Though the entire foundation of the bipartisan coalition always rested on the idea that politicians with very different views on other issues should be brought together on Israel, J Street and other prominent liberal Jews now say that has to be discarded in favor of a policy of treating the Republicans who joined the pro-Trump protest as pariahs, despite their stands on Israel.
At the same time, many of them are still willing to back anti-Israel Democrats.
This is deeply wrong as well as hypocritical.
The first point to be noted is that if voting against Electoral College certification is a sign that someone is a traitor and opposed to democracy, then that same label should be put on some Democrats.
In January 2017, when Congress met to certify Trump’s Electoral College victory, congressional Democrats protested the votes of nine states that voted for him, more than the total that were disputed by Republicans four years later. Among those raising objections were prominent Democrats like Reps. Jamie Raskin (D-Md.), Sheila Jackson Lee (D-Texas), Barbara Lee (D-Calif.) and Pramila Jayapal (D-Wash.). Their protests were based on the “big lie” of that moment—the false accusation that Trump had colluded with Russia to steal the election. But no one called them traitors. All they were doing was the same thing the GOP would in 2021: acting like sore losers.
Yet all of them would later brand GOP members who behaved in the same manner as insurrectionists or worse. In a turnabout of epic irony that few in a biased media noted, Raskin, who is considered something of a hero by the Jewish left, led the House impeachment effort against Trump after he left office because of the Jan. 6 riot.

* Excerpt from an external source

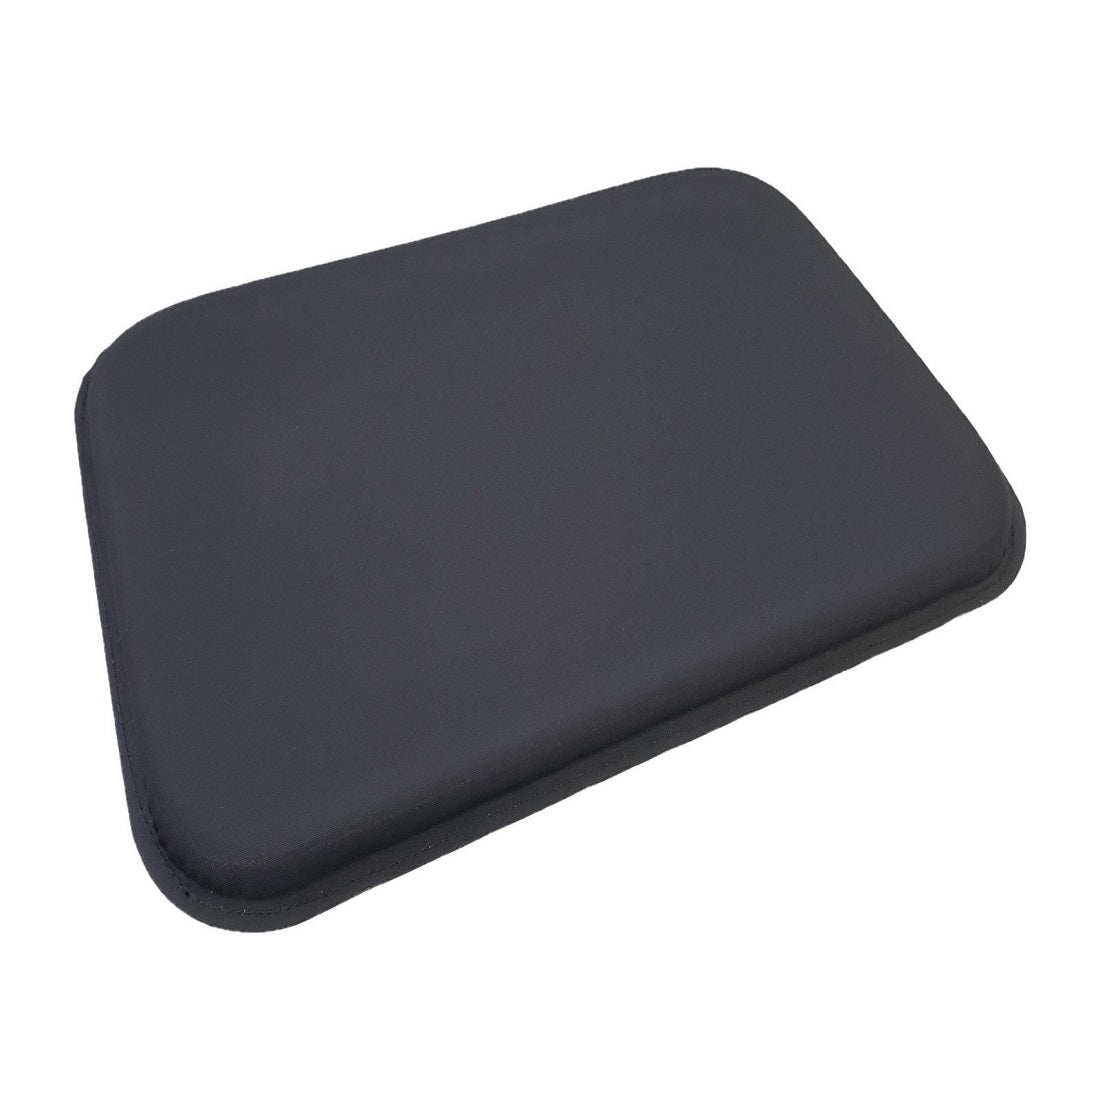 ULTRAGEL Relieve Universal pad All in One Mouse, Hand, Wrist, Arm Rest and Computer Gel Pad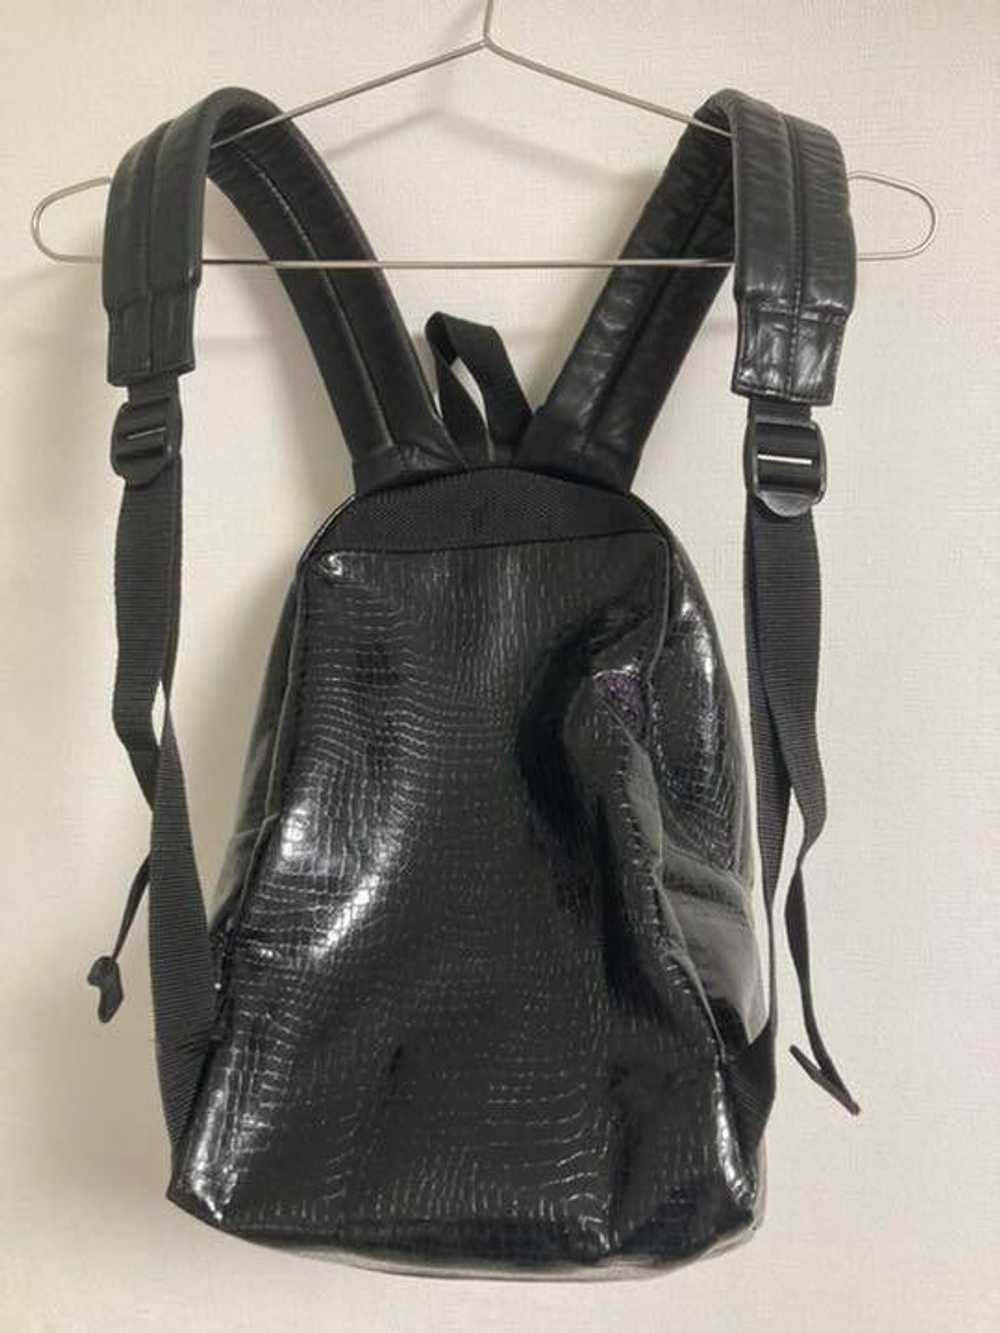 Comme des Garcons AW18 Mini Crocodile Backpack - image 2

So even if you think the Republicans were wrong to protest the 2020 vote, treating their gesture as treason or something that should cause decent people to drive them from the public square is rank hypocrisy.
Still, what is at work here is something more insidious than mere hypocrisy.
To brand Republicans who are ardent supporters of Trump as ineligible for Jewish support even if they are also strong backers of Israel is to effectively say that the whole concept of bipartisanship on Israel is dead, and that ensuring its security is less important than partisan gamesmanship. That’s a sentiment that is actually shared by many Jewish Republicans who believe the Democrats’ refusal to disavow the anti-Semitic members of the left-wing “Squad,” and the acceptance of intersectional myths and critical race theory ideology by much of the left, has made party a hostile environment for Zionist Jews.
AIPAC disagrees with both of these factions, and though there are good reasons to believe that generational and ideological trends are moving the Democrats away from Israel, they’re right to do so. It may well be that Democrats are increasingly hostile to the Jewish state; however, the way to combat this disturbing trend is to get behind members of that party who are willing to stand up to “The Squad” and their pop-culture cheerleaders—something that many in the nominally pro-Israel Democratic establishment have failed to do.
Those demanding that AIPAC oppose the majority of Republicans—no matter how pro-Israel they might be because of the 2020 election issue—are doing more than merely demonstrating that Israel isn’t a priority for them. They are signally they are willing to sacrifice support for Israel entirely if it advances their partisan goals.